# YOUR INSTRUCTIONS
Return the data below unchanged, without images.

DATA SHOWN below:

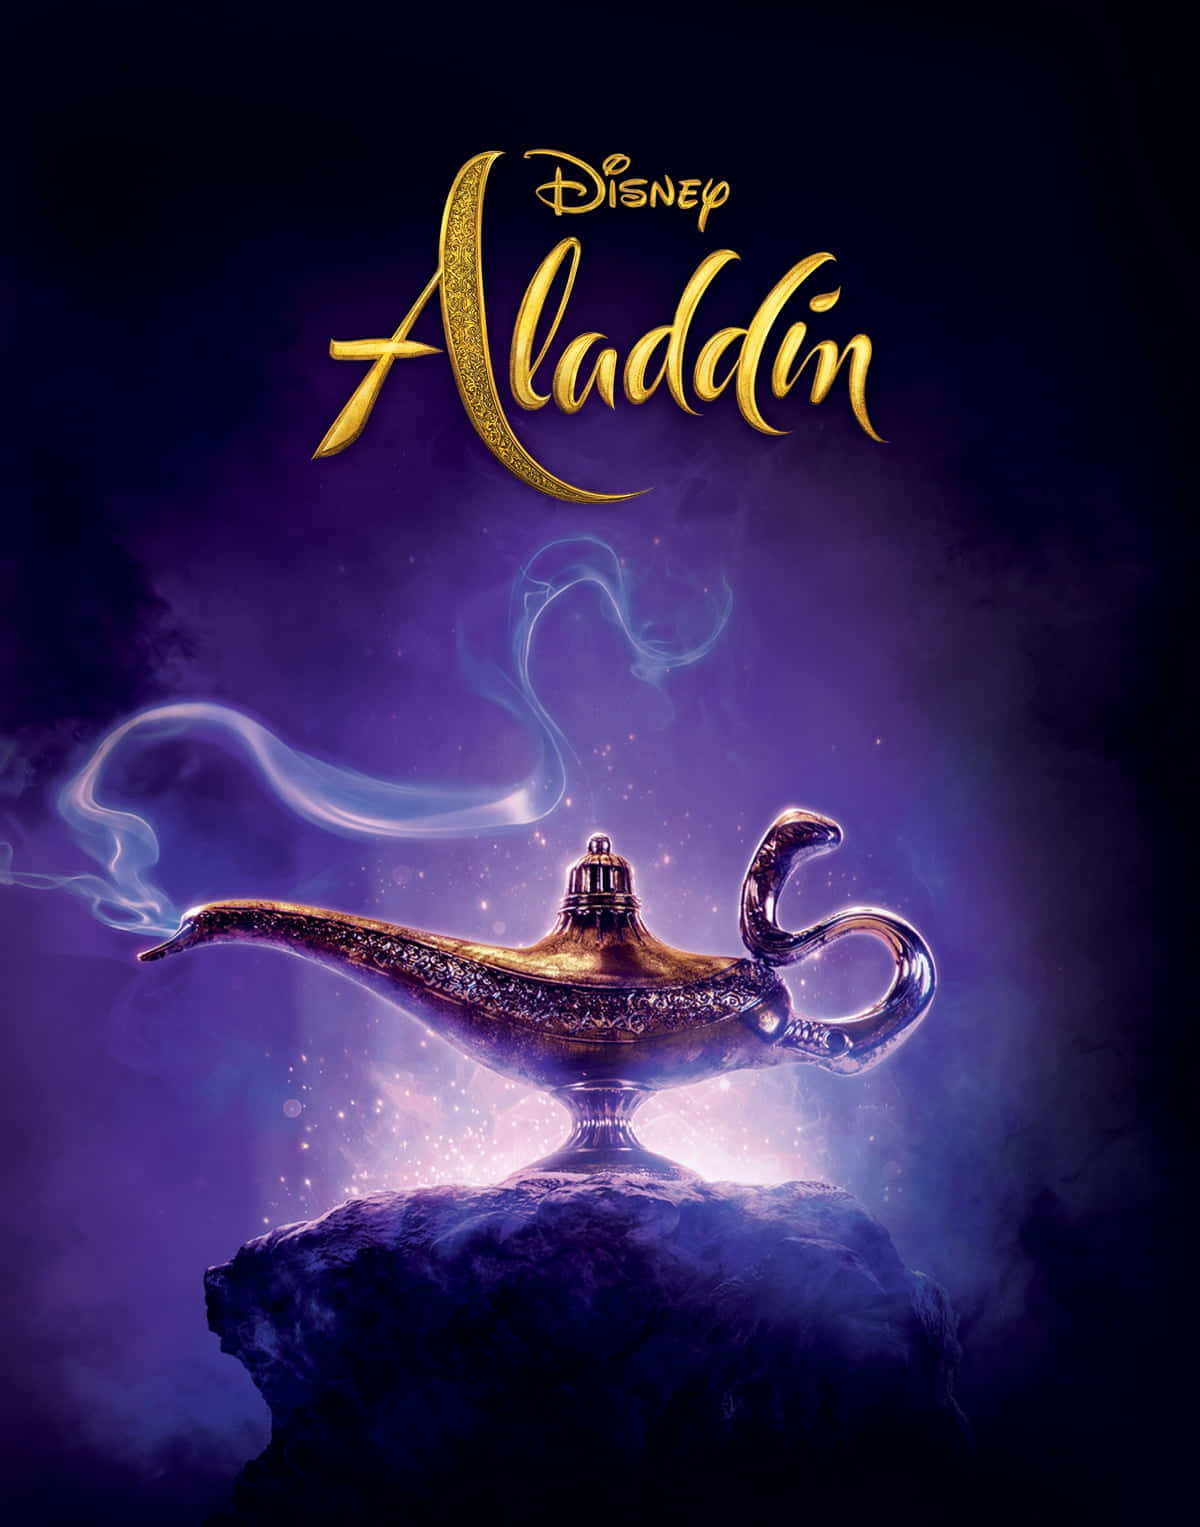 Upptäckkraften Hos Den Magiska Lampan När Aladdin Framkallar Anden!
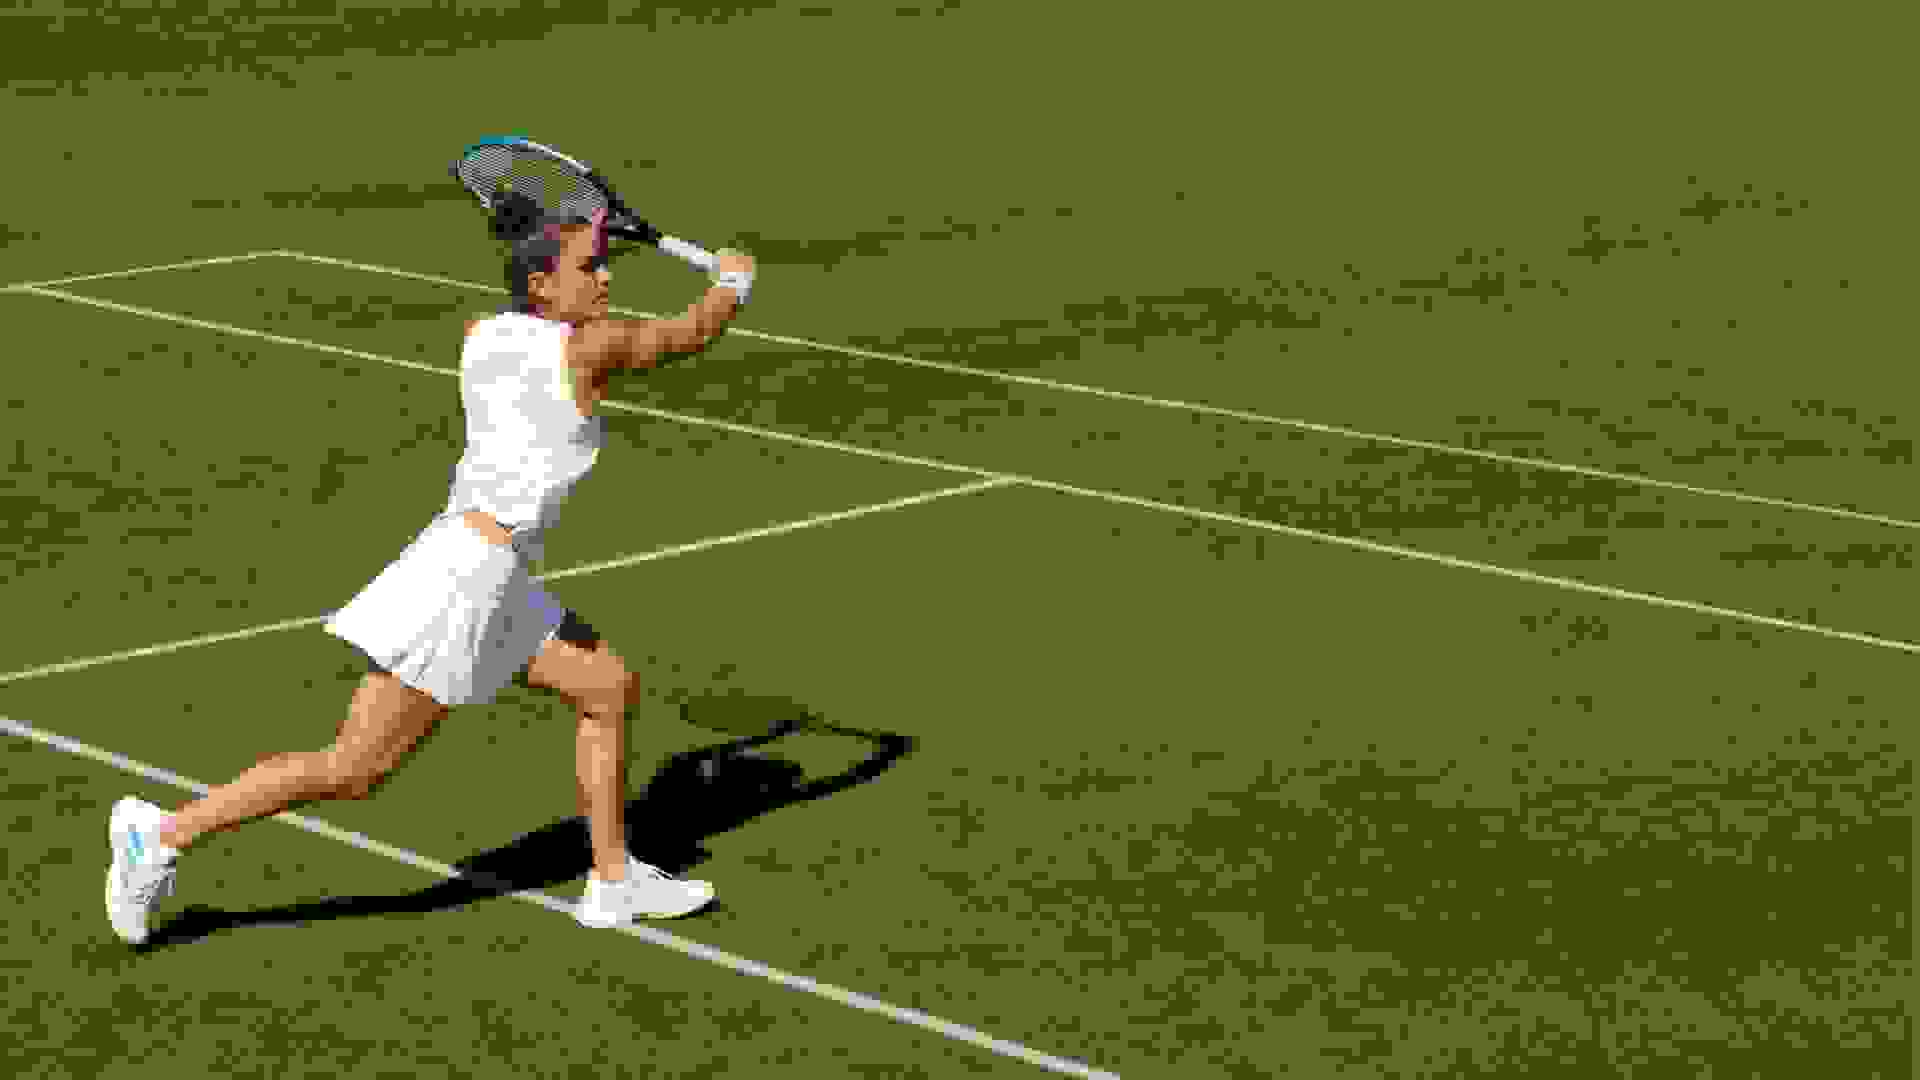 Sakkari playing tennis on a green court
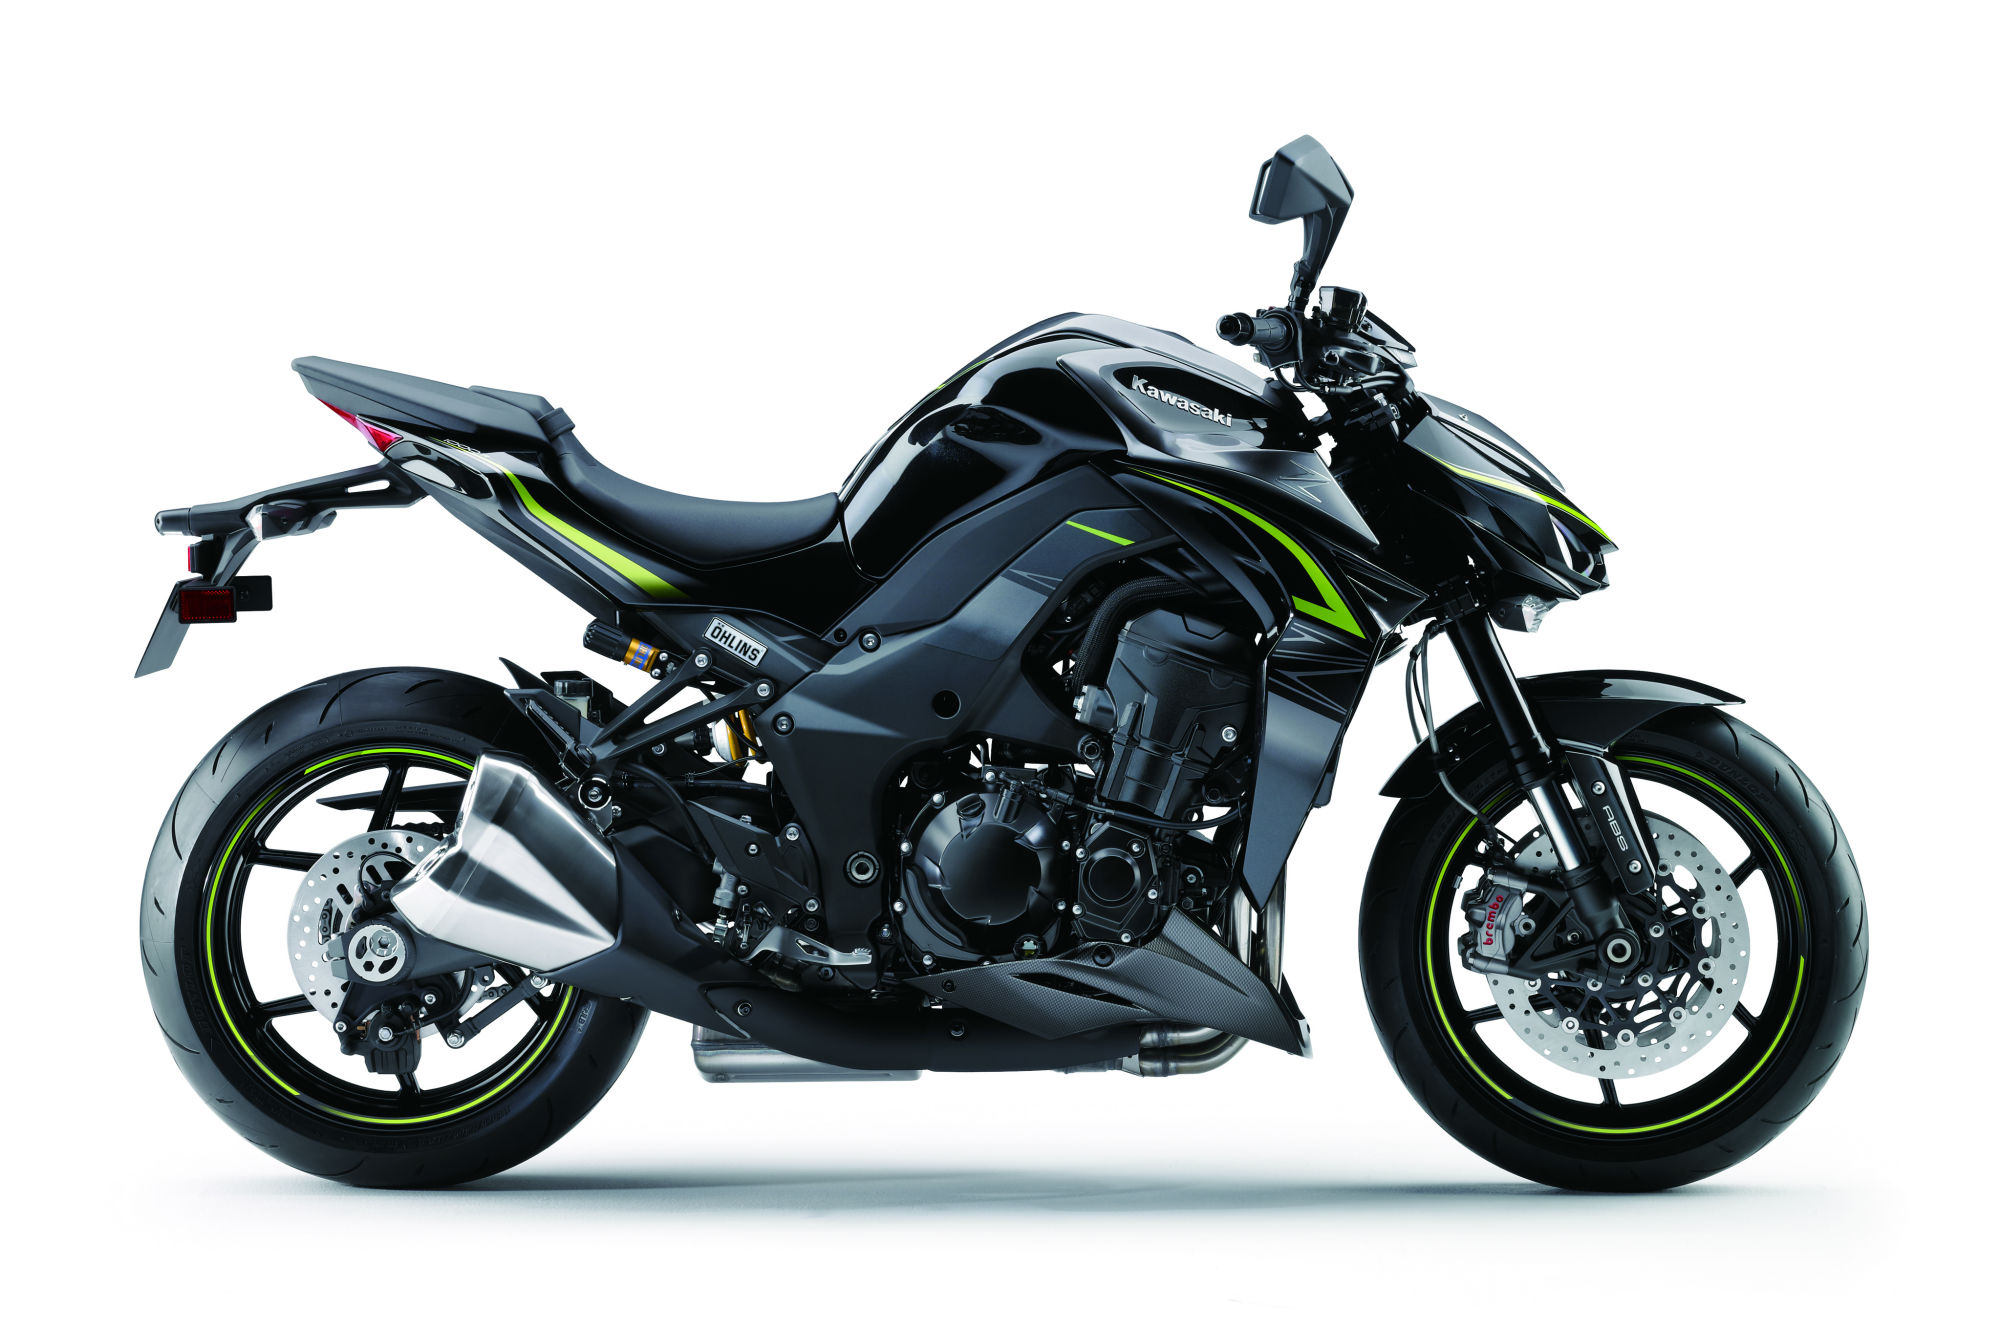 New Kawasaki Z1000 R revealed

End of DATA SHOWN.

# EXPECTED OUTPUT
 Upptäckkraften Hos Den Magiska Lampan När Aladdin Framkallar Anden!
 Sakkari playing tennis on a green court
 New Kawasaki Z1000 R revealed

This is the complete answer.